Kemudian ada pula tindakan presiden Abdurrahman Wahid yang menghapuskan Departemen Penerangan dan Departemen Sosial, dengan alas an bahwa departemen tersebut bermasalah, banyak KKN, dan departemen itu dianggap telah mencampuri hak-hak sipil warga negara.
Penghapusan dua departemen tersebut dapat dikatakan sesuai dengan prinsip reinventing government atau ada pula yang menganggap hal ini sebagai langkah debirokratiasasi dan dekonstruksi masa lalu yang dianggap terlalu berlebihan mengintervensi kemerdekaan dan kemandirian publik.

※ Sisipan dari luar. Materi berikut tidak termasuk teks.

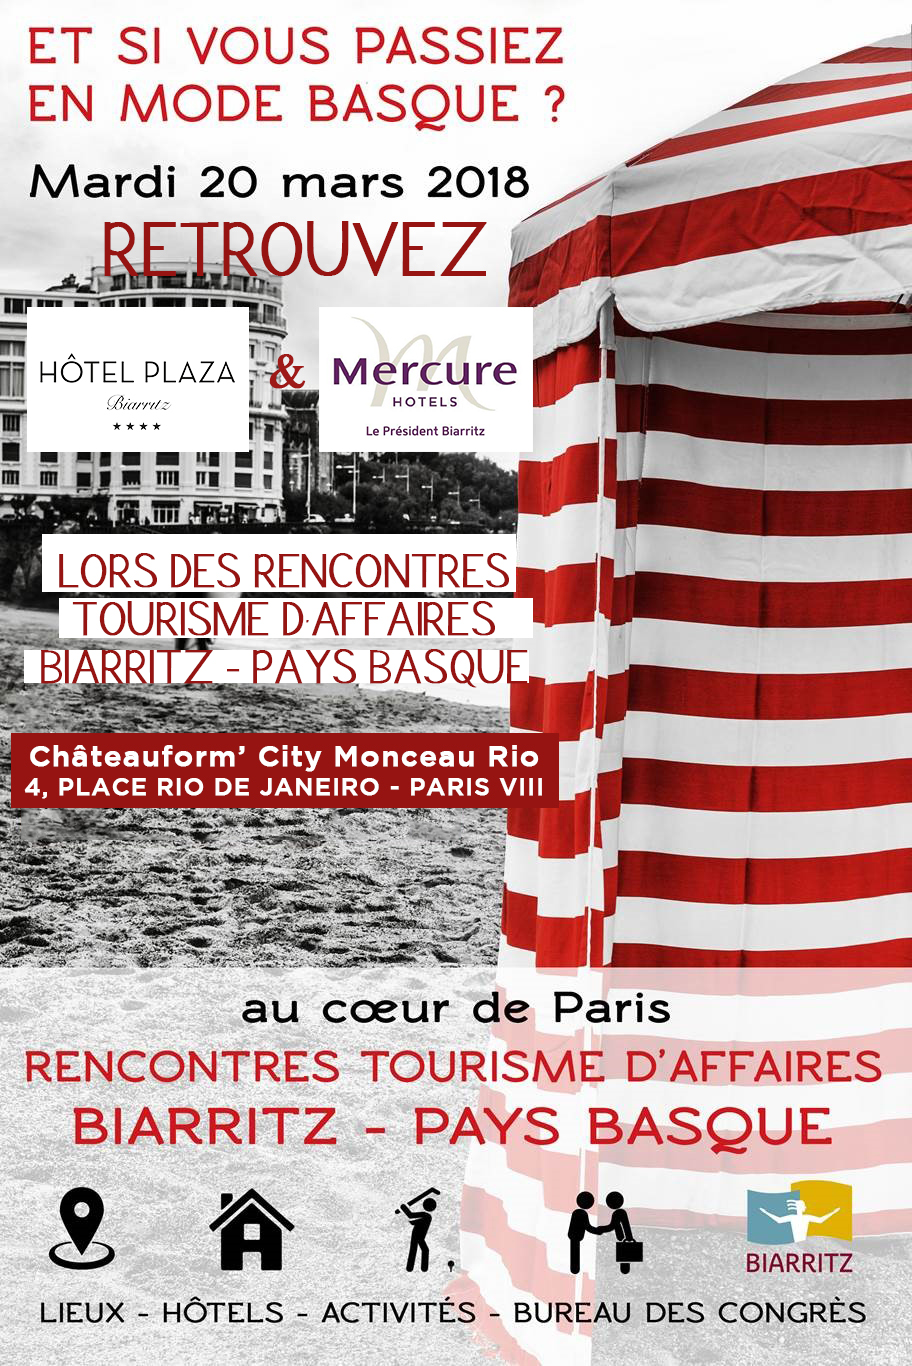 emailing Biarritz Tourisme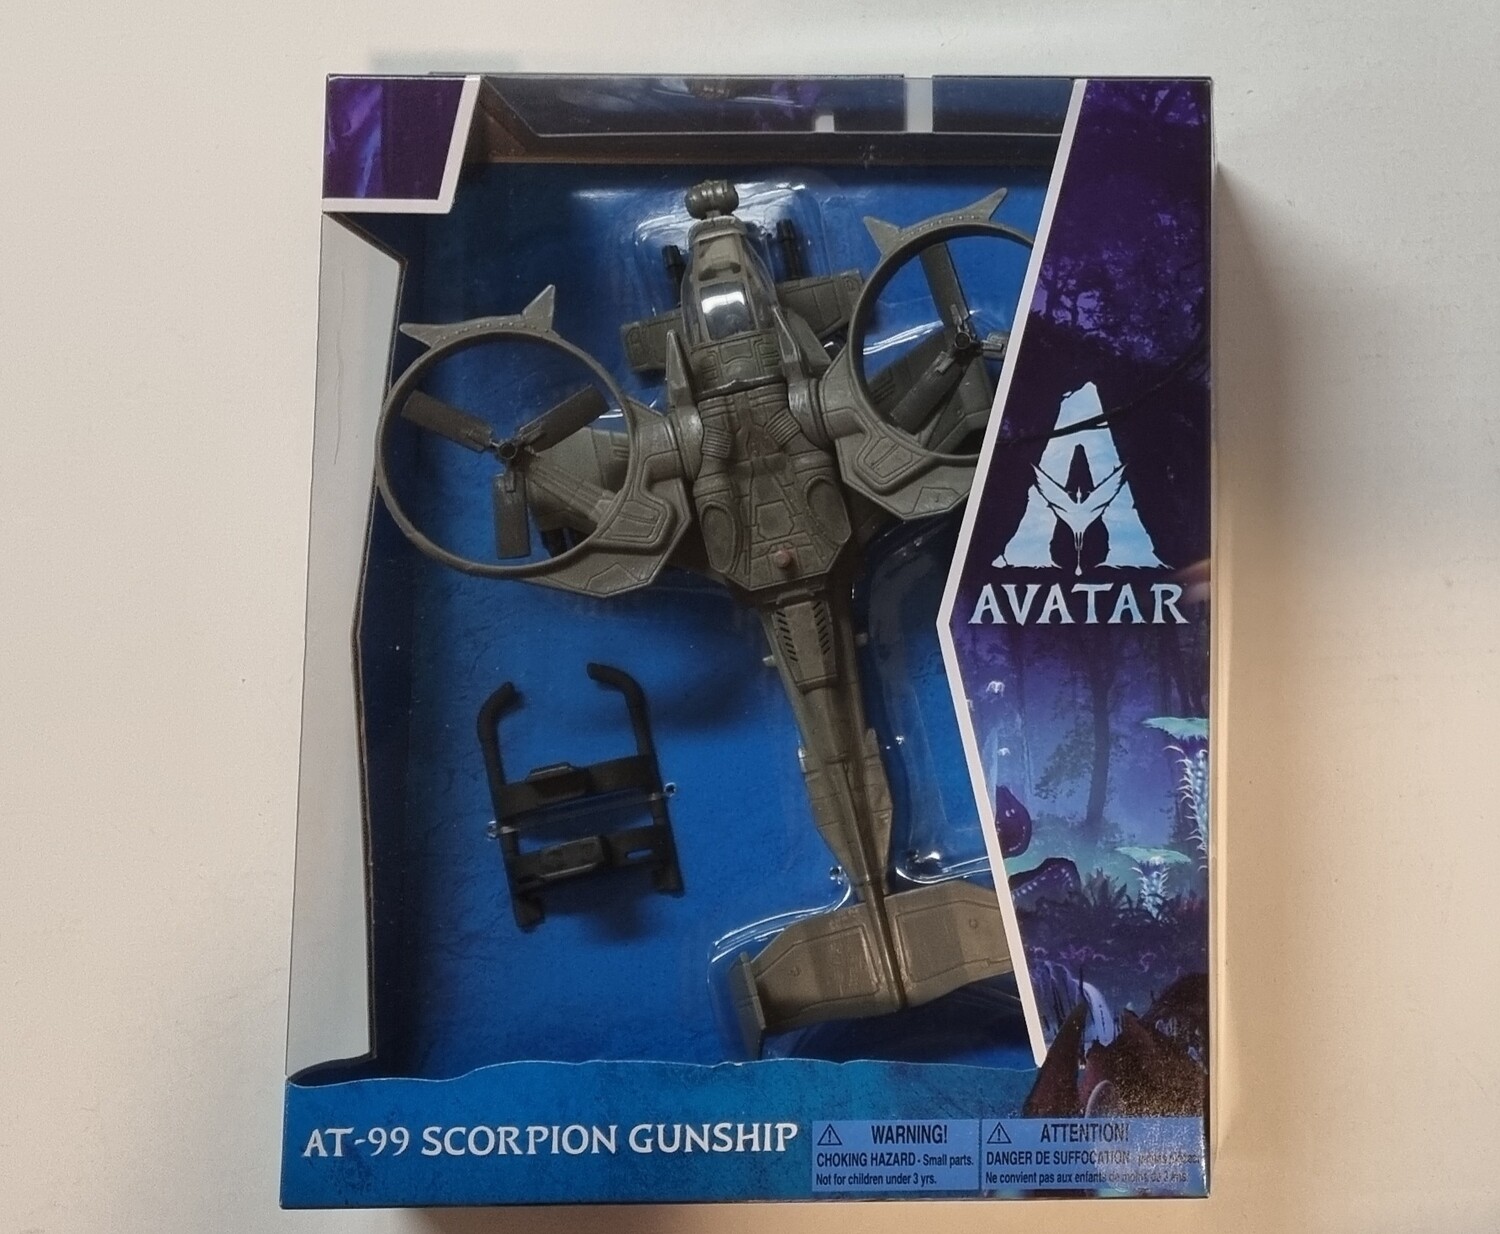 AT-99 Scorpion Gunship, Deluxe Large Vehicle with Figure, Avatar World of Pandora

Aturan induk netralitas politik birokrasi Indonesia sudah ada pada pasal 4 Peraturan Pemerintah 1999, yang menyatakan bahwa PNS dalam menyelenggarakan tugas pemerintahan dan pembangunan tidak bertindak diskriminatif, khususnya dalam memberikan pelayanan kepada masyarakat.
BAB IV
PENUTUP
A. Kesimpulan
Penyelenggaraan pemerintahan yang baik dan demokratis mensyaratkan kinerja dan akuntabilitas aparatur yang makin meningkat. Hal ini mengindikasikan bahwa reformasi birokrasi merupakan kebutuhan dan harus sejalan dengan perubahan tatanan kehidupan politik, kemasyarakatan, dan dunia usaha. Dalam peta tantangan nasional, regional, dan internasional, aparatur negara dituntut untuk dapat mewujudkan profesionalisme, kompetensi dan akuntabilitas. Pada era globalisasi, aparatur negara harus siap dan mampu menghadapi perubahan yang sangat dinamis dan tantangan persaingan dalam berbagai bidang. Saat ini masyarakat Indonesia sedang memasuki era yang penuh tuntutan perubahan serta antusiasme akan pengubahan. Ini merupakan sesuatu yang di Indonesia tidak dapat dibendung lagi. Oleh karena itu, reformasi di tubuh birokrasi indonesia harus terus dijalankan demi terciptanya pelayanan prima bagi masyarakat seperti yang telah dilakukan oleh departemen keuangan.
B. Saran
Untuk memayungi reformasi birokrasi, diupayakan penataan perundang-undangan, antara lain dengan menyelesaikan rancangan undang-undang yang telah ada. Dengan demikian, proses reformasi birokrasi dapat berjalan dengan baik dengan adanya legalitas secara hukum dalam pelaksanaannya.